What is pval_nominal_threshold
?
@pjvandehaar you can omit this column. It's only addition information (cut off used to identify the genome-wide significant p) from our eQTL project. So, You can use the pval_nominal as GWAS p.. Thank.
Do you have just one trait, or lots of traits? How many variants?

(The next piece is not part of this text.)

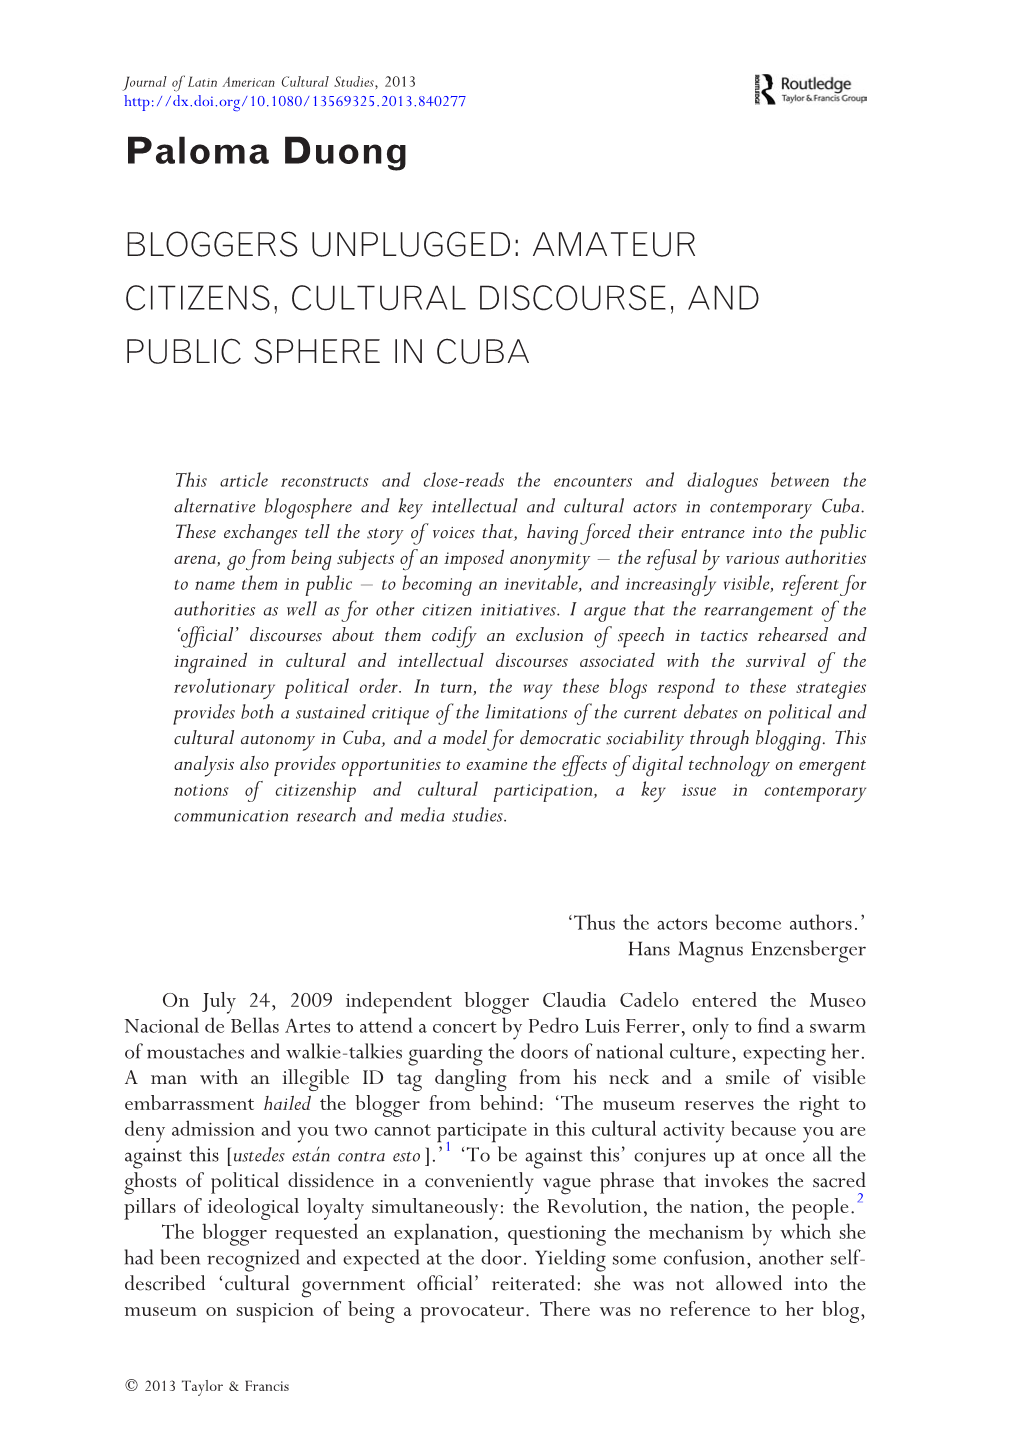 Bloggers Unplugged: Amateur Citizens, Cultural Discourse, and Public Sphere in Cuba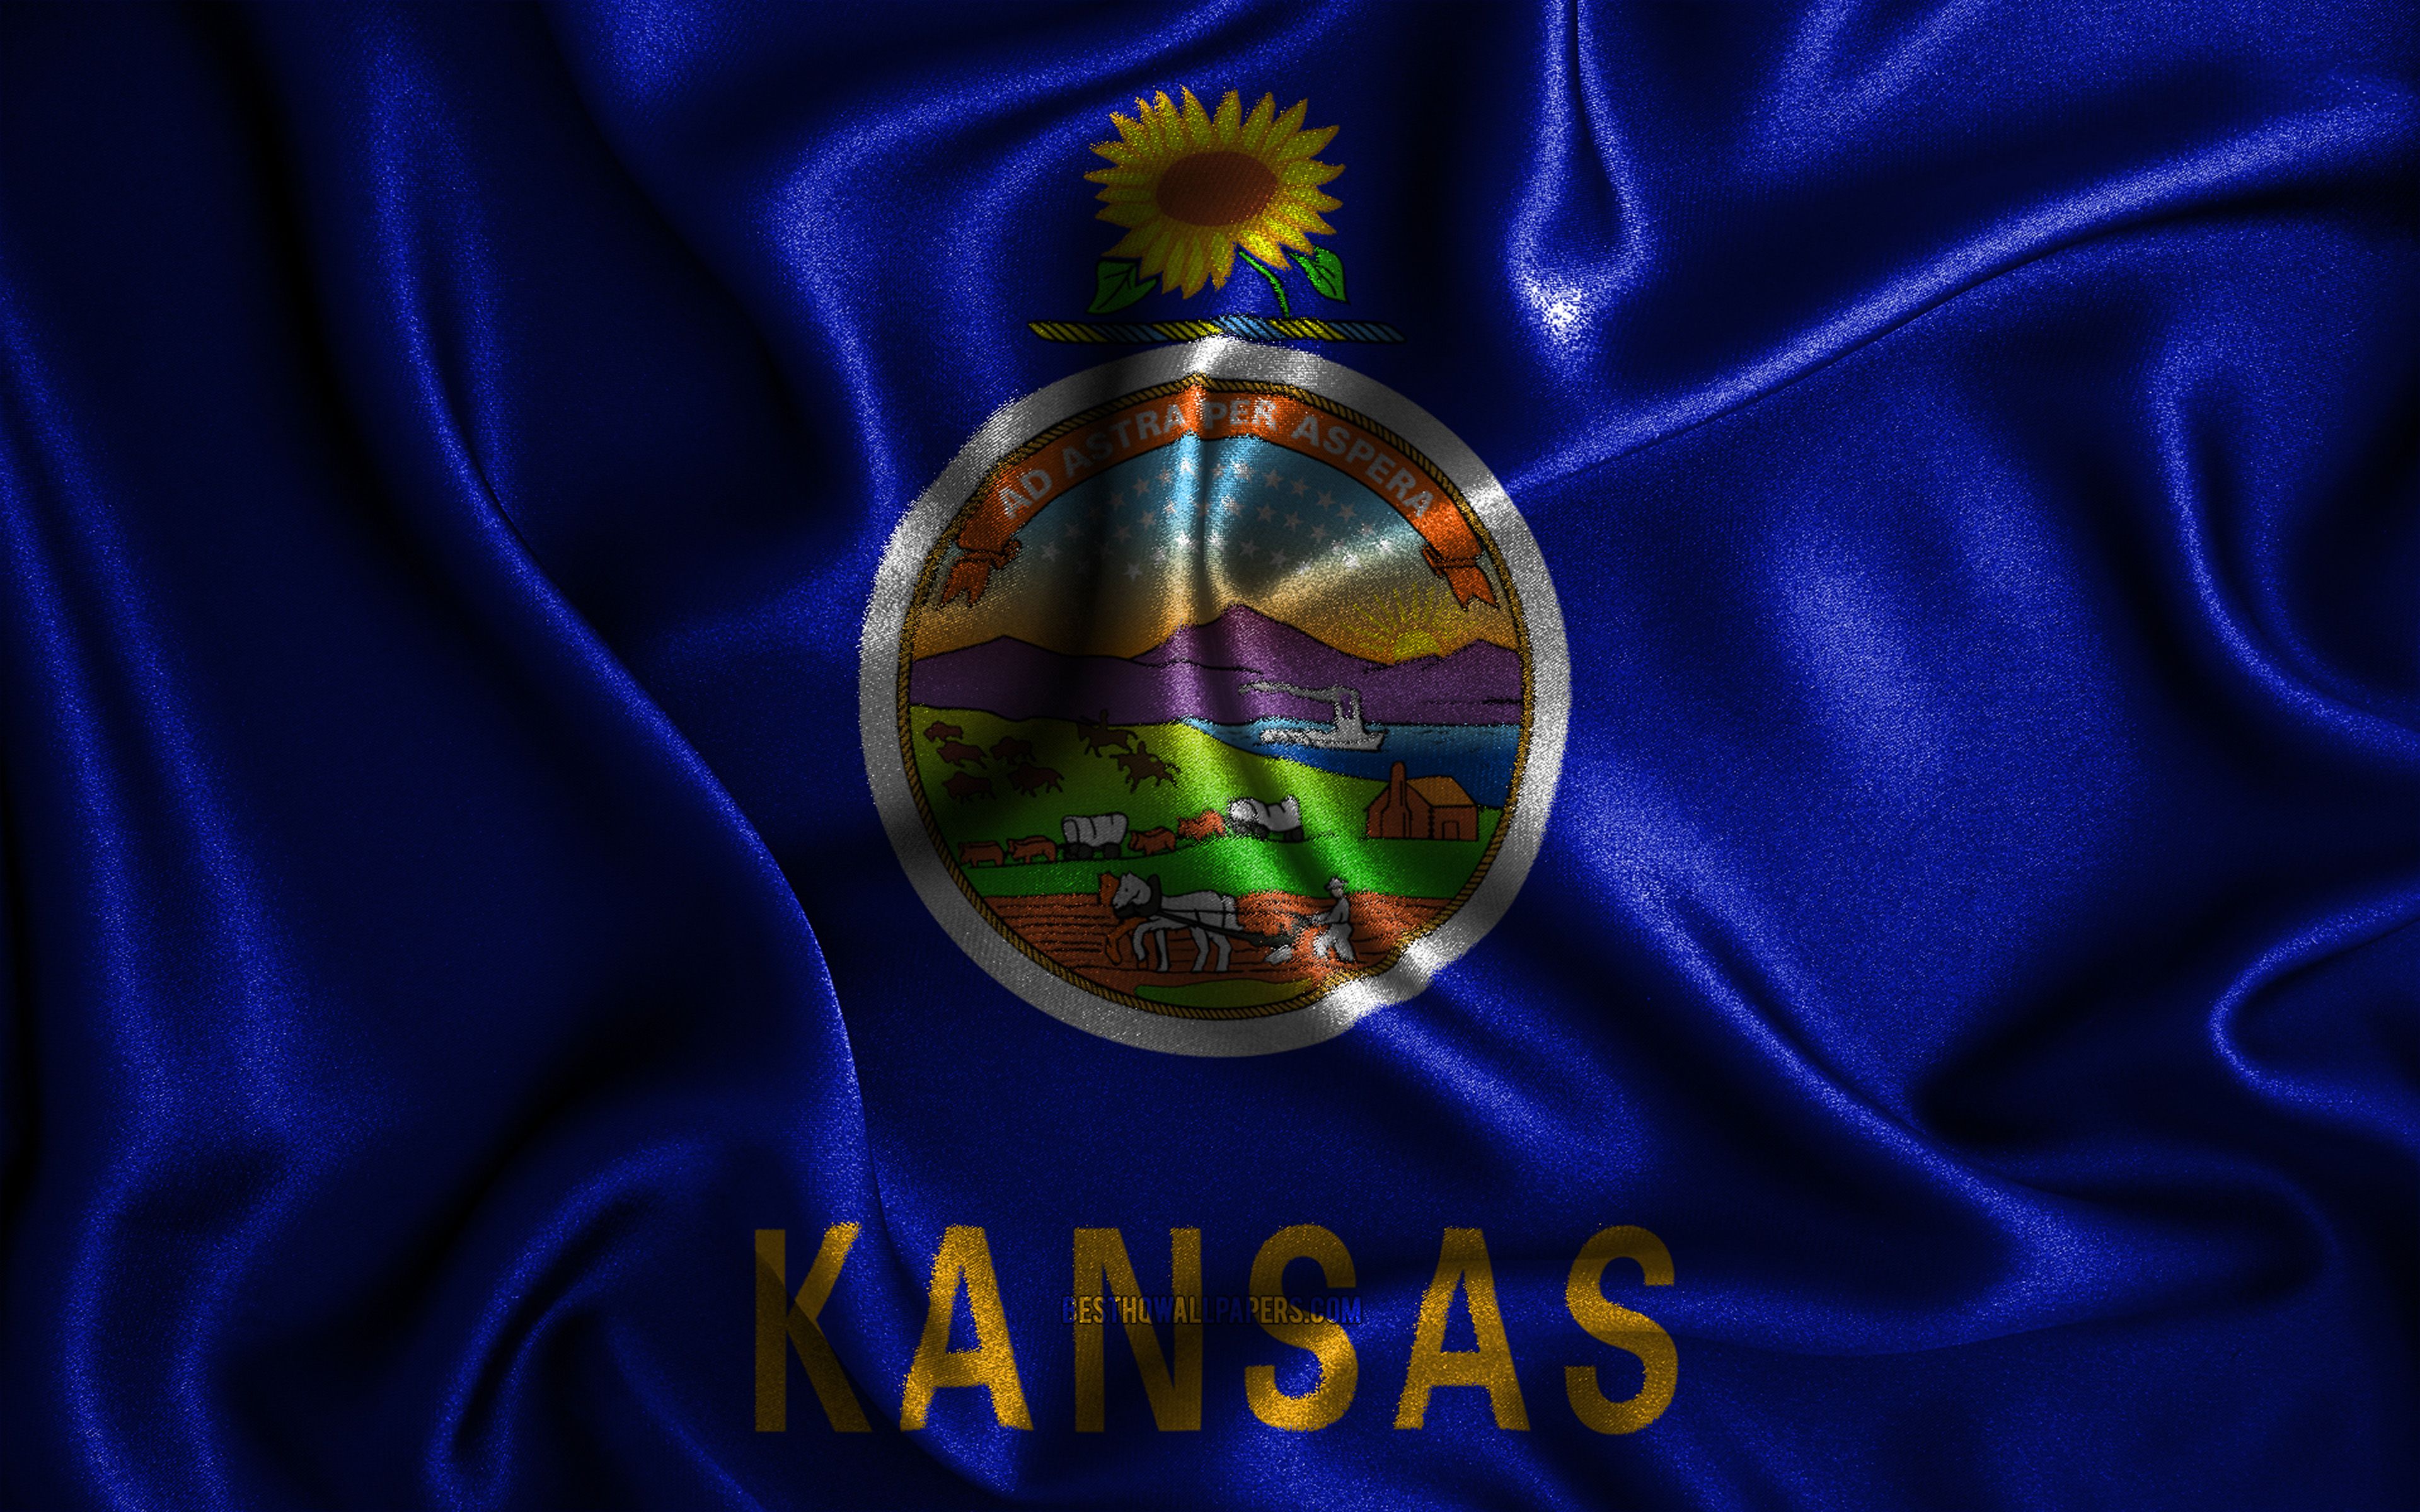 Download wallpaper Kansas flag, 4k, silk wavy flags, american states, USA, Flag of Kansas, fabric flags, 3D art, Kansas, United States of America, Kansas 3D flag, US states for desktop with resolution

If it's just a few traits, and <1M variants each, this'll work:
s = '''gene_id variant_id tss_distance pval_nominal slope slope_se pval_nominal_threshold
cg17149495 1:798400 267441 7.30894e-08 -0.112488 0.0189413 1.00921e-05
cg17149495 1:798959 268000 7.31282e-08 -0.111954 0.0188518 1.00921e-05
cg02288058 1:798400 232797 3.22535e-05 -0.0551874 0.0125136 3.61876e-05
cg02288058 1:798959 233356 3.25037e-05 -0.0549054 0.0124555 3.61876e-05
cg00034556 1:798400 231669 1.3333e-06 -0.0891881 0.01704 9.95279e-06
cg00034556 1:798959 232228 1.30662e-06 -0.0888293 0.0169552 9.95279e-06
cg15394630 1:798400 231194 7.55636e-07 -0.0366296 0.00681527 1.13151e-05
cg15394630 1:798959 231753 7.42208e-07 -0.0364781 0.00678152 1.13151e-05
cg23917638 1:798400 230899 1.26803e-09 -0.0743637 0.0108091 1.25392e-05
cg23917638 1:798959 231458 1.1988e-09 -0.0740977 0.0107505 1.25392e-05
cg18761878 1:798400 229925 6.4307e-06 -0.0381297 0.00788534 9.19423e-06
cg18761878 1:798959 230484 6.41223e-06 -0.0379537 0.00784774 9.19423e-06
cg08858441 1:798400 228973 1.56258e-12 -0.108516 0.0129452 7.97414e-06
'''
import csv, json
ds = list(csv.DictReader(s.split('\n'), delimiter='\t'))
df = {
'pvalue': [float(d['pval_nominal']) for d in ds],
'chrom': [d['variant_id'].split(':')[0] for d in ds],
'position': [int(d['variant_id'].split(':')[1]) for d in ds],
'id': [d['variant_id'] for d in ds],
}
df
That produces:
{
"pvalue": [7.30894e-08, 7.31282e-08, 3.22535e-05, 3.25037e-05, 1.3333e-06, 1.30662e-06, 7.55636e-07, 7.42208e-07, 1.26803e-09, 1.1988e-09, 6.4307e-06, 6.41223e-06, 1.56258e-12],
"chrom": ["1", "1", "1", "1", "1", "1", "1", "1", "1", "1", "1", "1", "1"],
"position": [798400, 798959, 798400, 798959, 798400, 798959, 798400, 798959, 798400, 798959, 798400, 798959, 798400],
"id": ["1:798400", ...]
}
That's close enough to what http://portaldev.sph.umich.edu/api/v1/single/results/?filter=analysis%20in%2052%20and%20chromosome%20in%20%20%2716%27%20and%20position%20ge%2053809169%20and%20position%20le%2053829169 produces to plug it into LocusZoom I think.
That's Great. i am not familiar with python. could you write few more line codes about the read the data in a txt file and out put to a json file. (so, i only need run the program and input my txt files). Thanks.
Do you have just one trait, or lots of traits? How many variants?
few trait (less than 10). the variants depend on the loci, but should be less than 1000.
Here's a program to do it:
#!/usr/bin/env python
import csv, json, sys
infilepath = sys.argv[1]
outfilepath = sys.argv[2]
print('Converting from {} to {}'.format(infilepath, outfilepath))
with open(infilepath) as f:
objs = list(csv.DictReader(filter(None, f), delimiter='\t'))
df = {
'pvalue': [float(d['pval_nominal']) for d in objs],
'chrom': [d['variant_id'].split(':')[0] for d in objs],
'position': [int(d['variant_id'].split(':')[1]) for d in objs],
'id': [d['variant_id'] for d in objs],
}
with open(outfilepath, 'w') as f:
json.dump(df, f)
Save that as a.py
. Then run python a.py yourfile.txt newfile.json
.
@pjvandehaar That's great. Thanks so much...
Hello:
Is there any way to use the custom GWAS/eQTL data in locuszoom.js ? And how to add it as the datasource (data are txt file and without api support)? Thanks.